Allerdings können die Heilstaten Christi ihre erlösende Macht über unser Herz und Leben nur soweit ausüben, als der Heilige Geist sie uns ins Licht stellt und darum sind wir auch persönlich verantwortlich für unseren Unglauben, nur soweit wir Licht haben. „Glaubet an das Licht, während ihr das Licht habt, auf dass ihr Söhne des Lichtes werdet.“ (Joh 12.36). Zum Glauben an das Licht gehört, dass man sich dem Lichte ausliefert, jeden Lichtstrahl sorgsam bewahrt (Lk 2,19+51) und ihm nachgeht. Unglaube ist Vergesslichkeit oder Gedankenlosigkeit (Ps 78,11+42). Hängt die Zukunft unseres inneres Lebens in erster Linie von der Bereitwilligkeit ab, mit dem wir uns jedem Strahl göttlichen Lichtes hingeben, so hängt sie in zweiter Linie von der Bereitwilligkeit ab, mit der zarten und gewissenhaften Treue, mit der wir die uns aufgeschlossene Wahrheit verwerten. Alles was wir vom Worte Gottes und vom Werke Christi erfasst haben, muss sofort in unserem Leben einen Ausdruck finden. Alle Erkenntnis der Wahrheit, die keine Selbstverleugnung wirkt, die Charakter und Leben nicht umgestaltet, ist unserem inneren Menschen verderblich. Im häuslichen Leben in Amt und Beruf verwerten, was man empfangen hat, ist der sicherste Weg, um mehr zu bekommen. Nur auf diesem Wege weicht aller Nebel des Unglaubens und die Wahrheit kann uns leuchten mit voller Kraft, reinigend und befreiend.

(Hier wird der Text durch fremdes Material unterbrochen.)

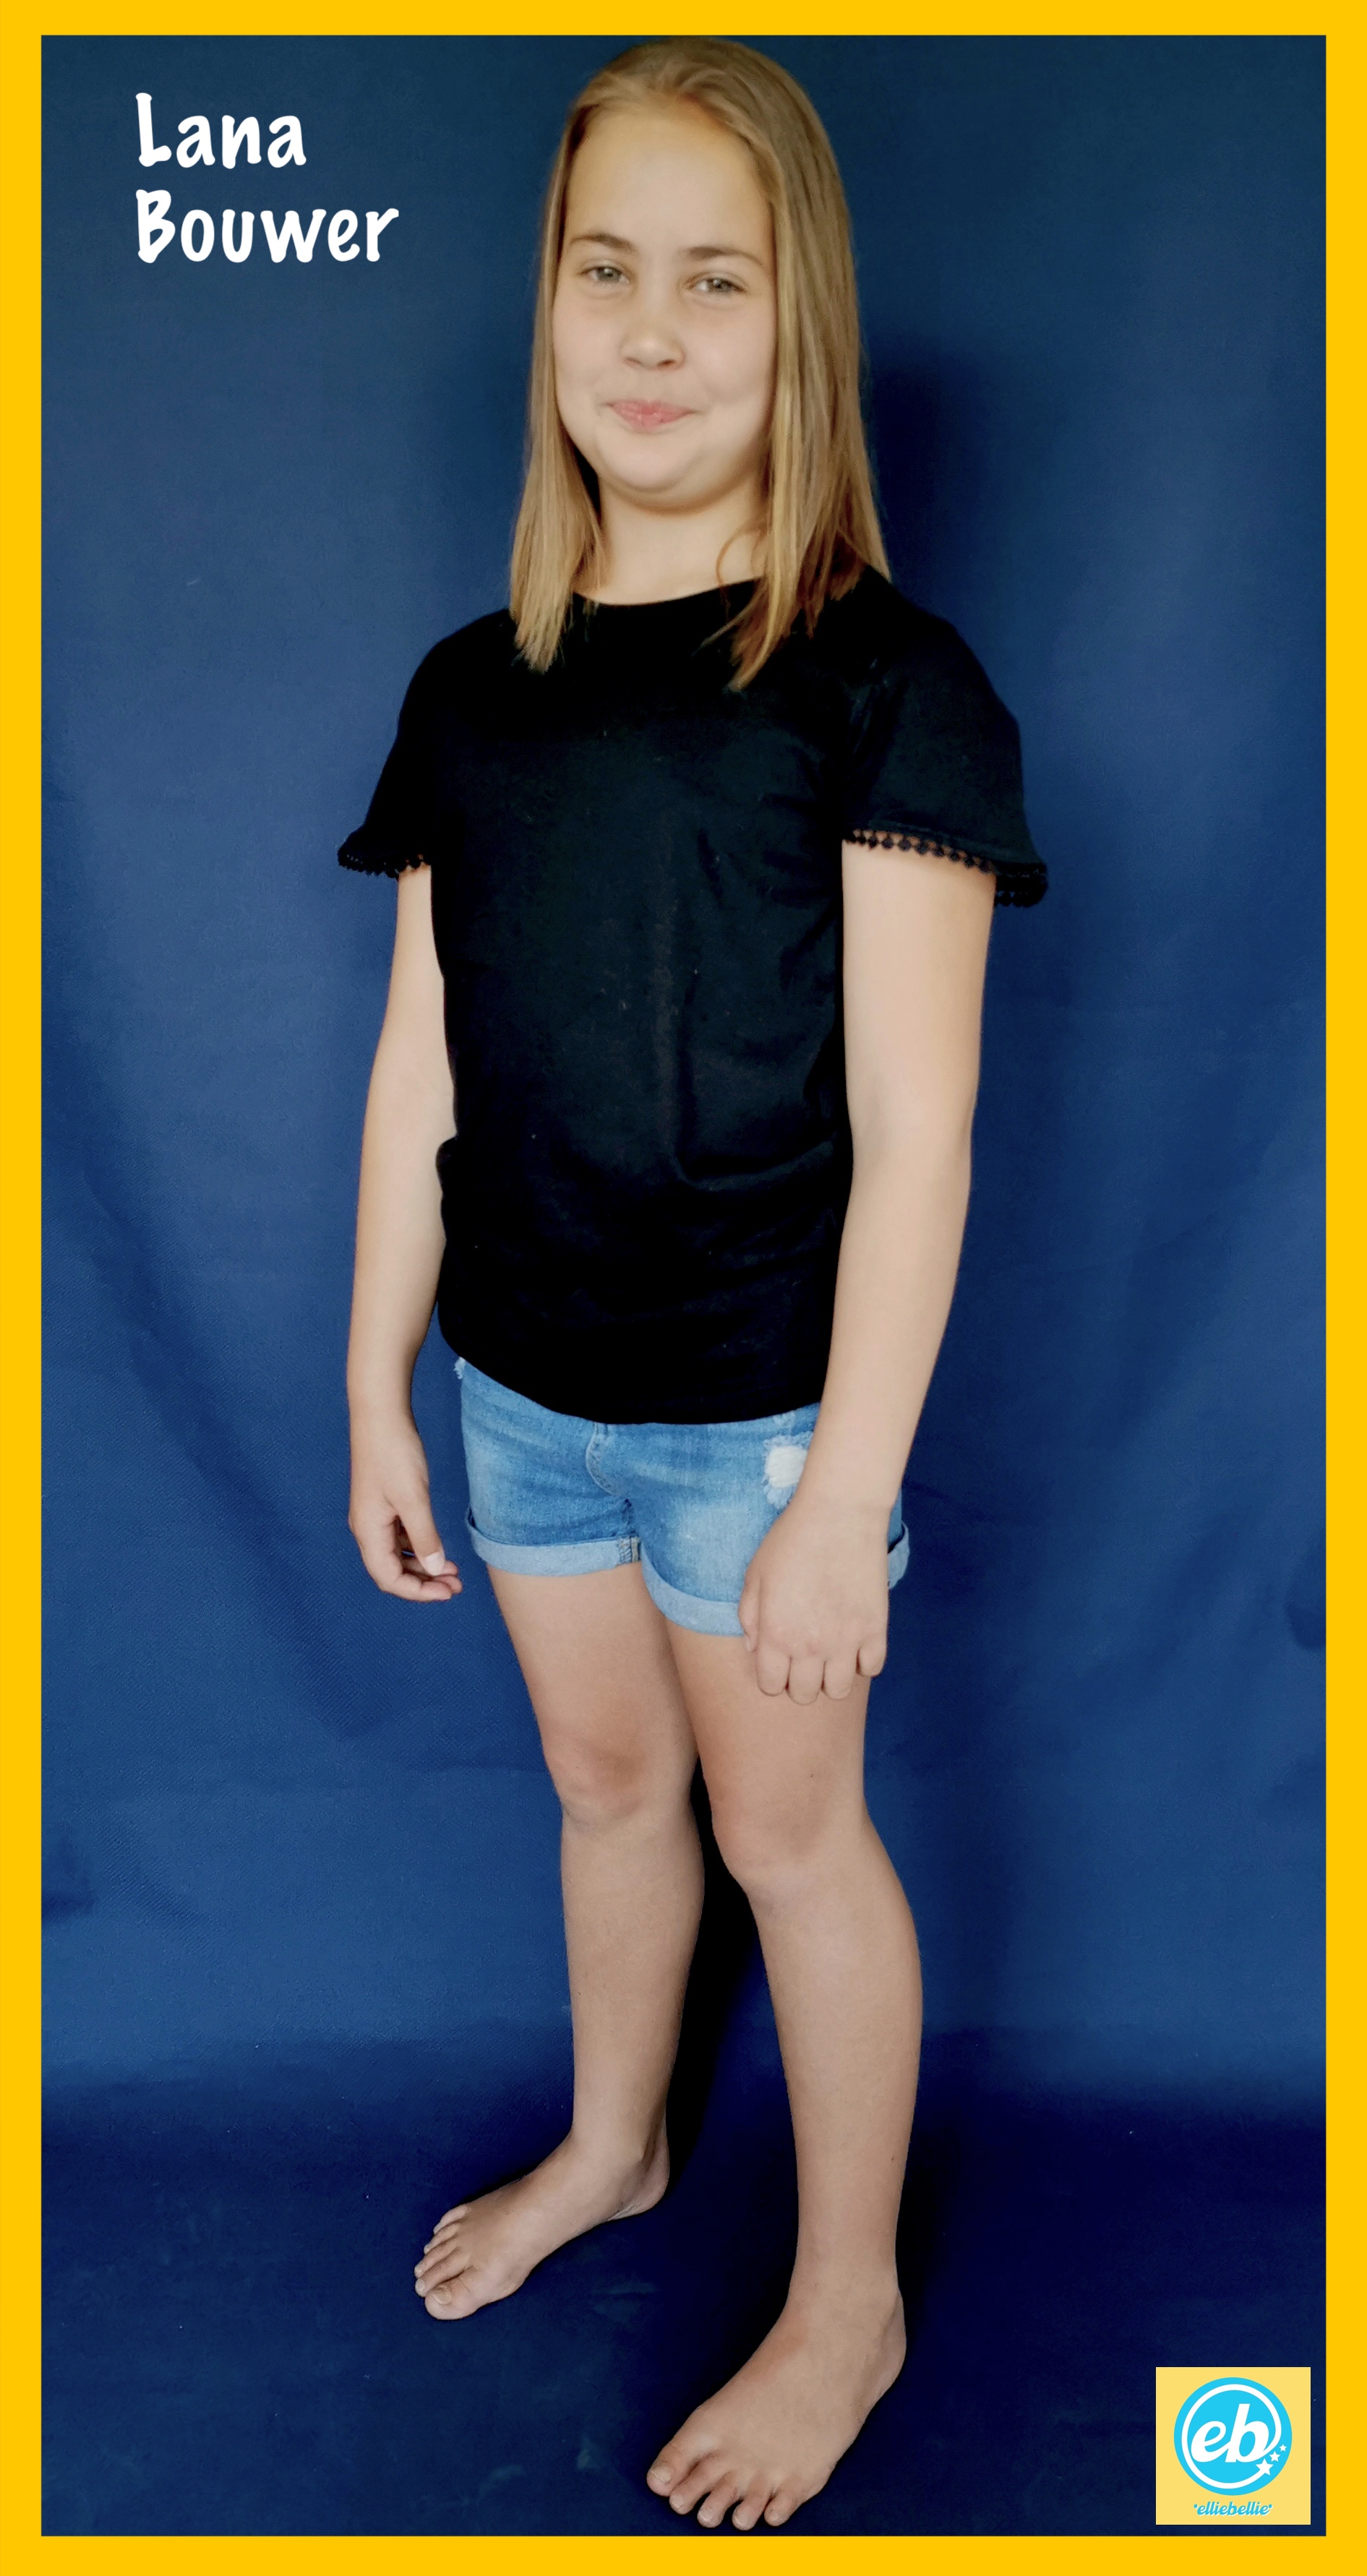 Lana Bouwer

Nachdem wir lange mit verbundenen Augen dahin gegangen durch Anhäufung unfruchtbarer Erkenntnis unserer Seele betrogen und unseren Sinn für Wahrheit verdorben haben, müssen wir nicht mutlos werden, wenn wir es vorerst schwer haben, an unserem innwendigen Menschen die volle Wirkung von Christi Erlösung zu erfahren. Wenn uns nicht mit einem Mal gelingen will, der Sünde und uns selbst abgestorben zu sein, wenn wir mit Herz und Sinn, in Tun und Lassen leicht in die früheren lang gewohnten Bahnen zurück fallen.
Noch weniger darf es uns überraschen, wenn in unserem Leibe die Früchte von Christi Erlösungswerk nicht sofort oder erst nur teilweise zur Erscheinung kommen, wenn die Krankheit nicht weicht, auch wenn die Macht der Sünde bereits gebrochen ist. Das Ende der Wege Gottes ist Leiblichkeit, sagt Oettinger. „Der letzte Feind der aufgehoben werden wird, ist der Tod.“ (1Kor 15,26). Es kann der Seele schon wohl ergehen und doch der Leib noch nicht völlig gesund sein (3. Joh, 2). Hier gilt Heb 10,36: „Denn Ausdauer habt ihr nötig, damit ihr nach Erfüllung des Willens Gottes die Verheißung davontraget.“ (nach Langes Bibelw.).